Dataset section:
------
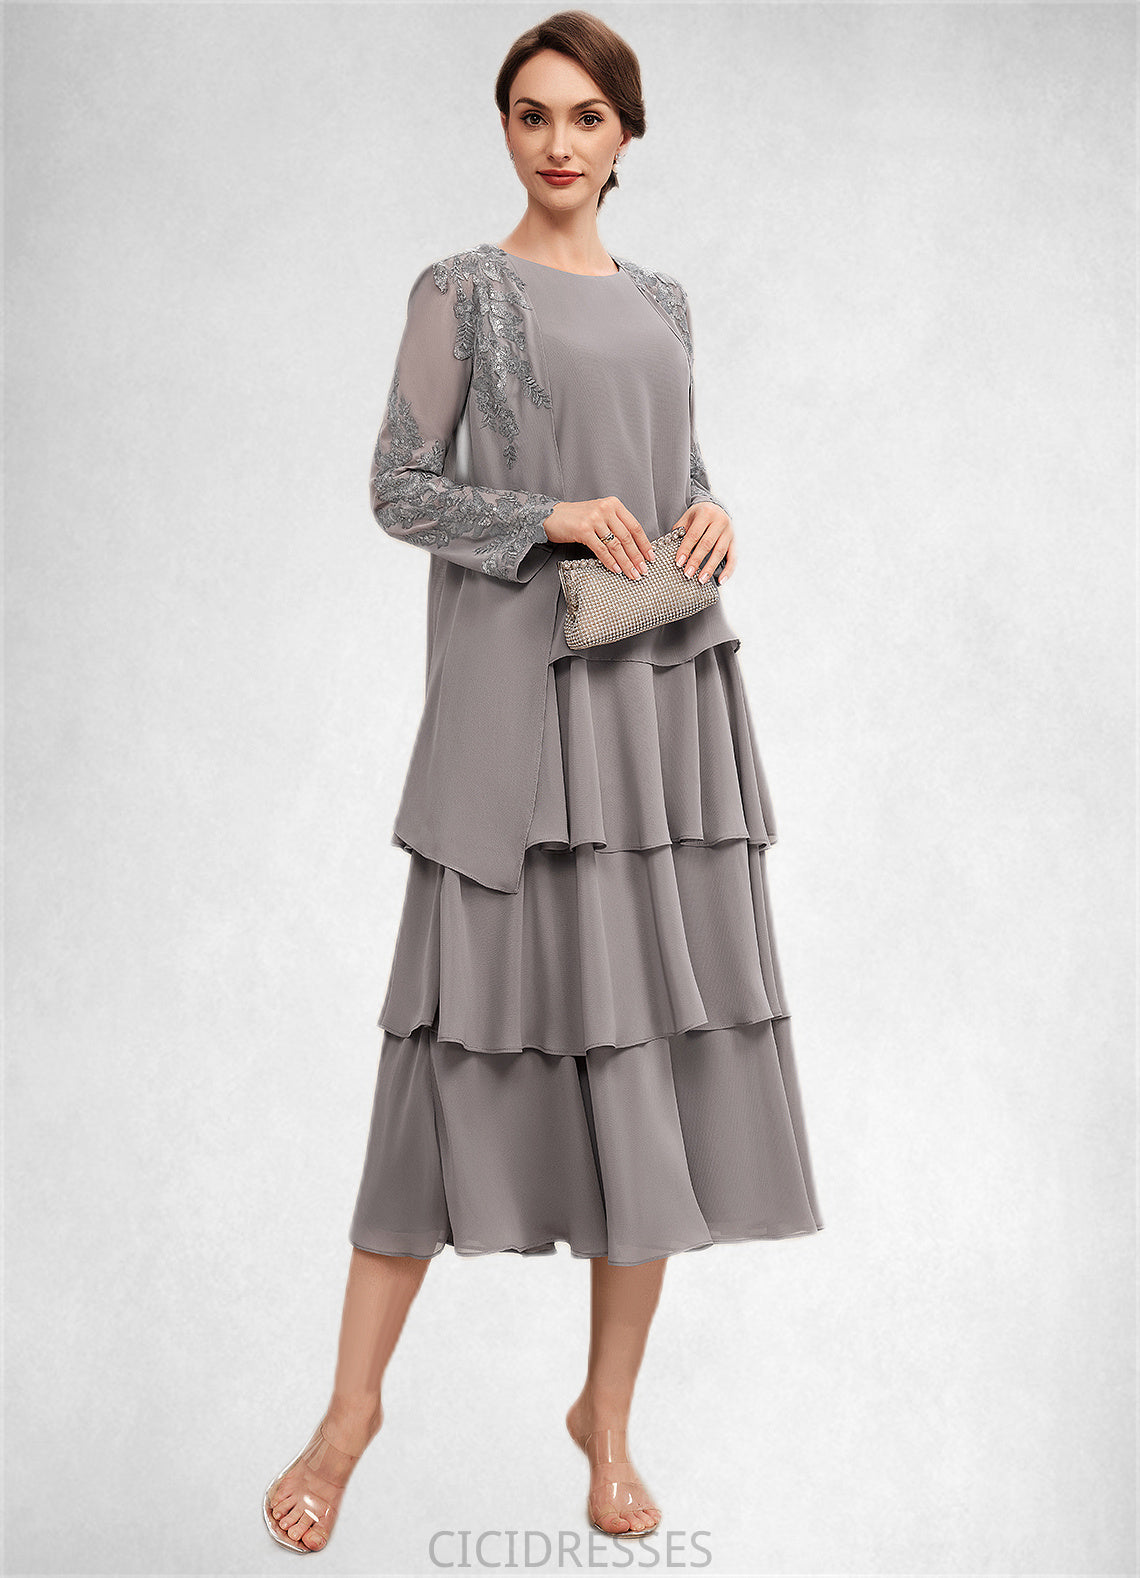 Susan A-Line Scoop Neck Tea-Length Chiffon Mother of the Bride Dress With Cascading Ruffles CIC8126P0014603
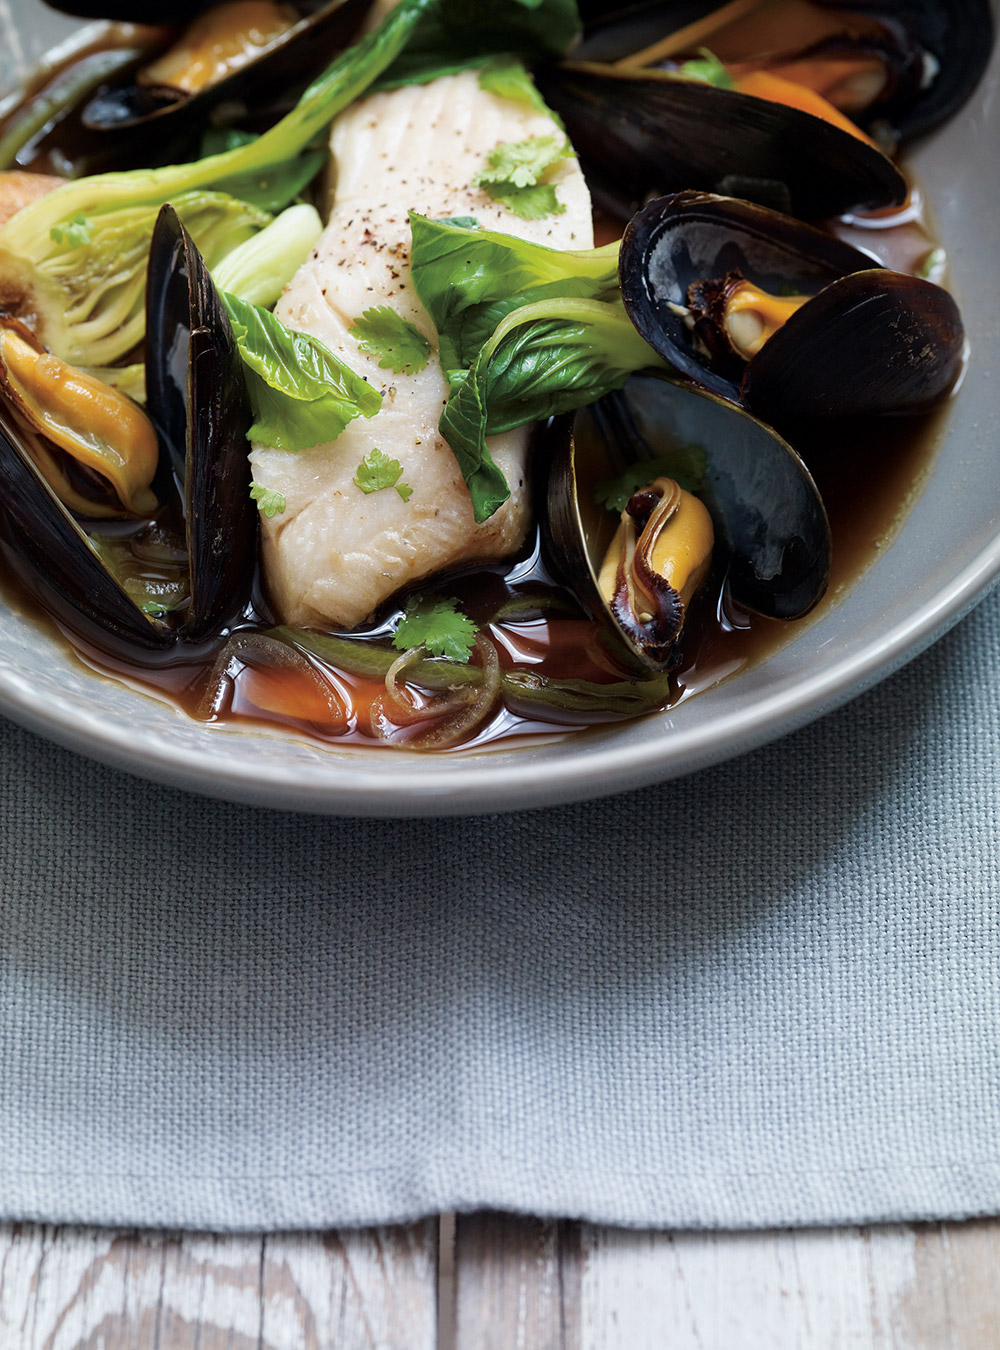 White Fish and Mussels Poached in Asian-Style Broth
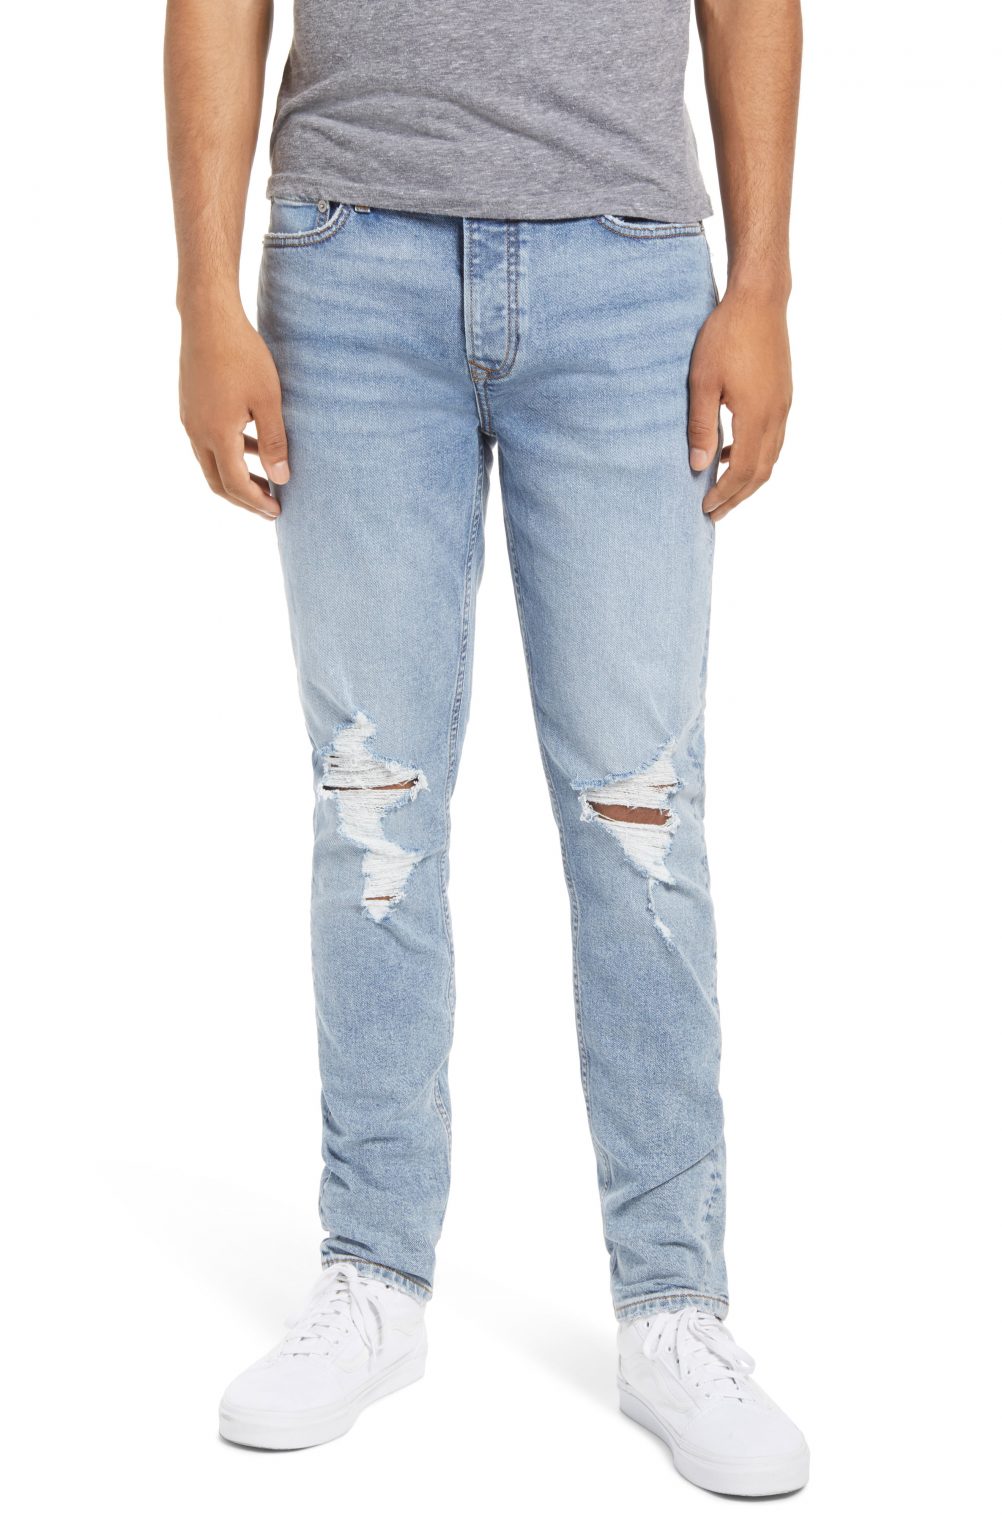 Men’s Topman Blowout Ripped Skinny Jeans, Size 30 x 30 - Blue | The ...
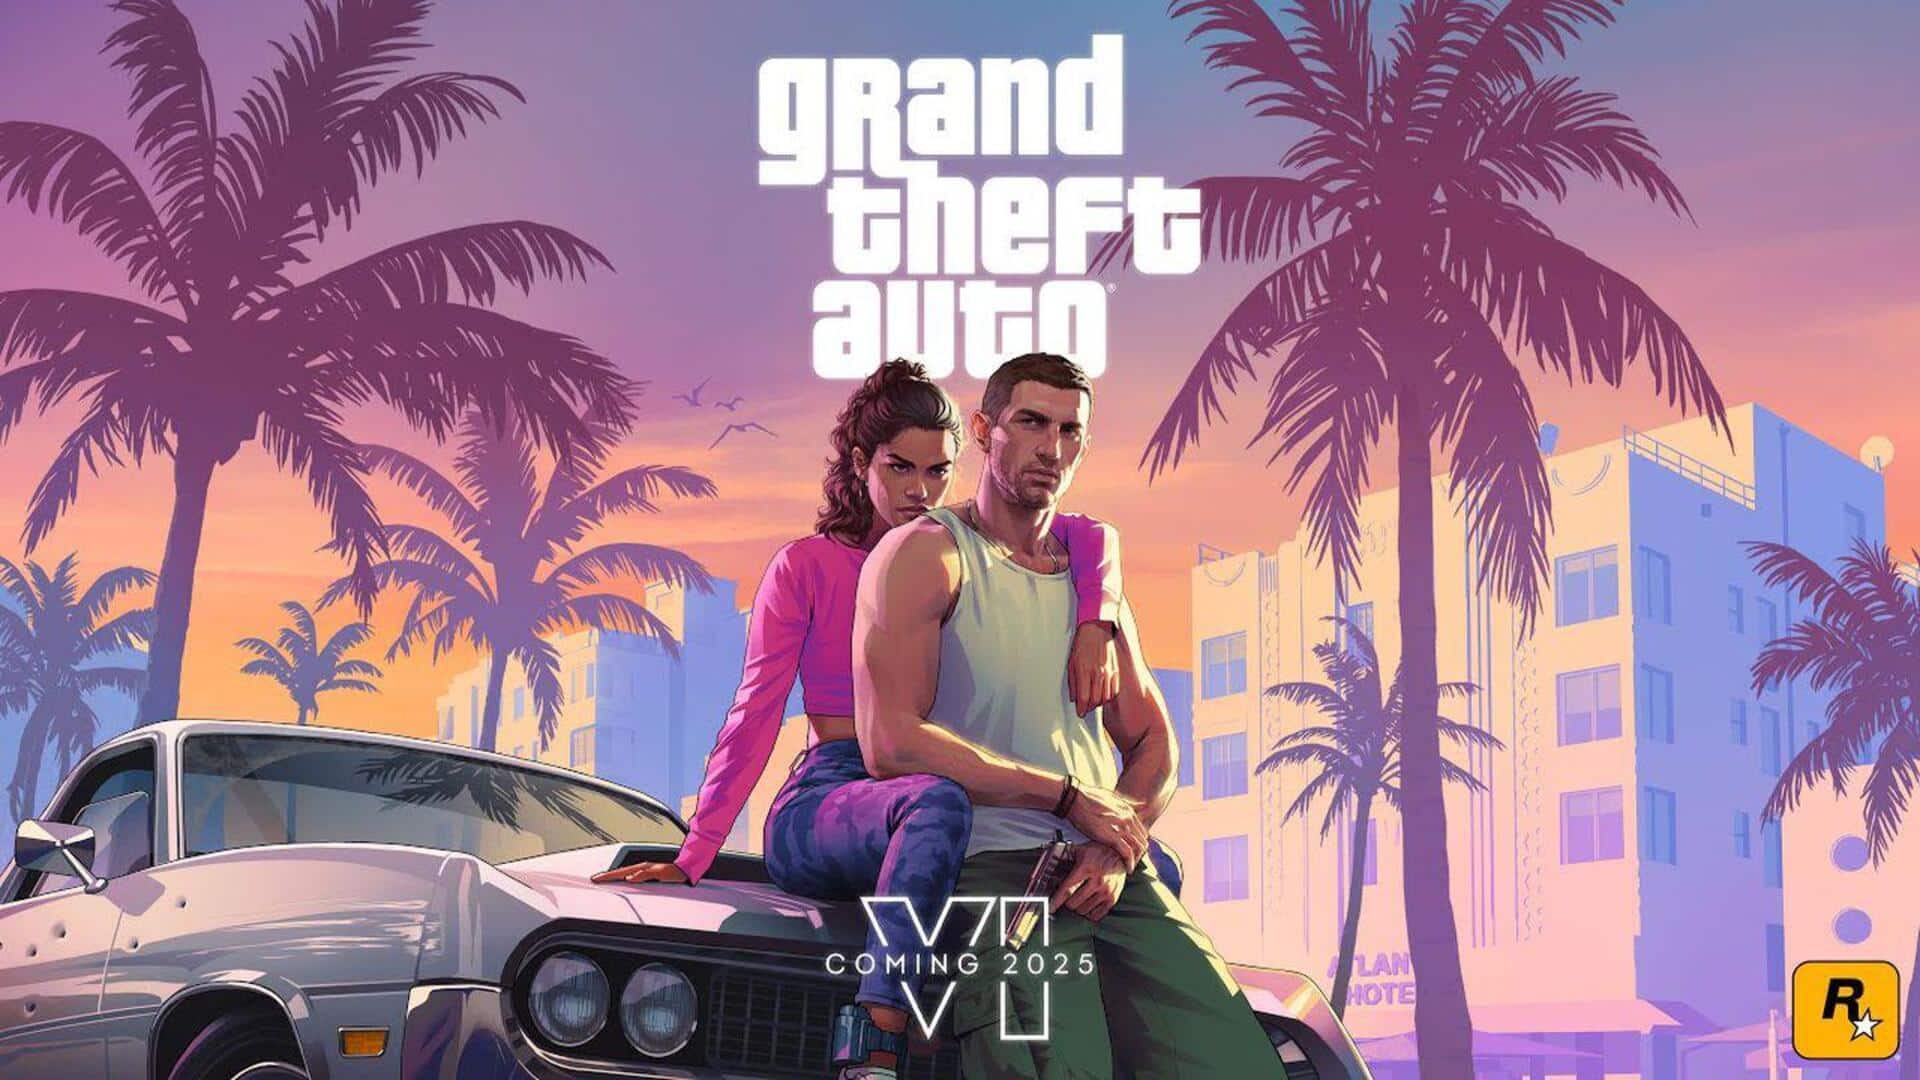 Grand Theft Auto VI confirmed to release in late 2025
------
What needs to be done: Reproduce the lines from the one with "White Fish and" through the end of the data, keeping both end lines, adding nothing, and dropping any pictures.

Task answer:
 White Fish and Mussels Poached in Asian-Style Broth
 Men’s Topman Blowout Ripped Skinny Jeans, Size 30 x 30 - Blue | The ...
 Grand Theft Auto VI confirmed to release in late 2025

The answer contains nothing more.